In the 1990s I worked with a therapist who since has written articles and even a book on transgender emergence, becoming known as an expert in the field, but I even had to train them.
“You don’t understand,” I had to tell her. “I know you tend to see me as a man with something extra, know that’s how you tend to see people like me, but if you want to be my ally, you need to call me ‘she.’ If you don’t do that, you don’t hold open the possibility of transformation beyond convention.”
She pooh-poohed my comment, sure of her feminist stance.
That was until a night when we were both stuffing envelopes at the Lesbian & Gay Centre and Barbara Smith referred to me as “he.”
Afterwards, she said to me that she finally got it, that she knew that her using masculine pronouns with me lead Ms. Smith to doing the same. Since then, she has become much more empowering to transpeople, more of an ally in opening space for them to blossom beyond the binary conventions placed on their body and their history.
It’s great that I could offer her that learning experience, but the notion that it is my job to train people who claim to be helping professionals and usually want me to pay them for the experience, well, it’s just nasty.
Sure, I have do have some successes. A piece I read to a class of LSW candidates in 1996 lead one of them to thank me when they met me again twenty years later, as well as allowing another transwoman to read it at a recent open mic.
Trying to find help, though, from someone who doesn’t understand what you are saying is very difficult. Too many therapists feel the need to be the smartest person in the room seeing any client as someone less functional than they are.
Instead of having the professional listen to and understand our truth, they just map their understanding of the way the world works onto our details and become indignant when we don’t embrace their superior wisdom.
Because transgender is such an individual journey, one towards a truer expression of self that demands moving away from social pressures and conventions, we don’t assimilate, moving to agreeing with the crowd.

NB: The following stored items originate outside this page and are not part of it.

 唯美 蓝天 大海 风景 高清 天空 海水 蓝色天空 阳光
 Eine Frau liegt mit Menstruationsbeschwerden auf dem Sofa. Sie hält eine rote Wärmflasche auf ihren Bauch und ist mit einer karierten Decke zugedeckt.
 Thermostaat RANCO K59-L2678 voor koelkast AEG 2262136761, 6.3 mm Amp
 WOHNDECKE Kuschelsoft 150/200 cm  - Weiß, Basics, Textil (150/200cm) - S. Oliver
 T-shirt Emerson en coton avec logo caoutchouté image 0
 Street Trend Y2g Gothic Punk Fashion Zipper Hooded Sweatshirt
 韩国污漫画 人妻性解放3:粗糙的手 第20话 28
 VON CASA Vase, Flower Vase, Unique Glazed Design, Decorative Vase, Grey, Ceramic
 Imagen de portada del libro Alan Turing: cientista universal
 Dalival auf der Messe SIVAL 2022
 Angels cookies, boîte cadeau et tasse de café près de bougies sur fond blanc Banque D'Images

That means that we have to leave shared understandings behind to discover what is profoundly true for us.
Learning to follow the golden rule, engaging and understanding the personal truths of others in the way we need our own personal truth to be engaged and understood is at the heart of maturing as a gracious, open and enlightened queer person.
This usually means moving away from spaces where others feel the need to attack anyone who challenges their own beliefs, finding a kind of smugness in silencing voices that challenge them.
Understanding that individual experience is individual experience, that we don’t have to agree with or make the same choices as anyone else is the basis for real, deep understanding. “I could never wear that, but it looks fabulous on you!”
This always starts with open mirroring, reflecting the view of truth that others share without calling it out or judging it. Rather than working to shape it to be what you believe to be correct, you need to just start by affirming that you heard it, because no one can hear you until they believe you have heard them.
Too often, though, understanding is constrained by belief. That, though, leaves us no space to find common ground.
It just makes hearts looking to express their contents invisible and broken.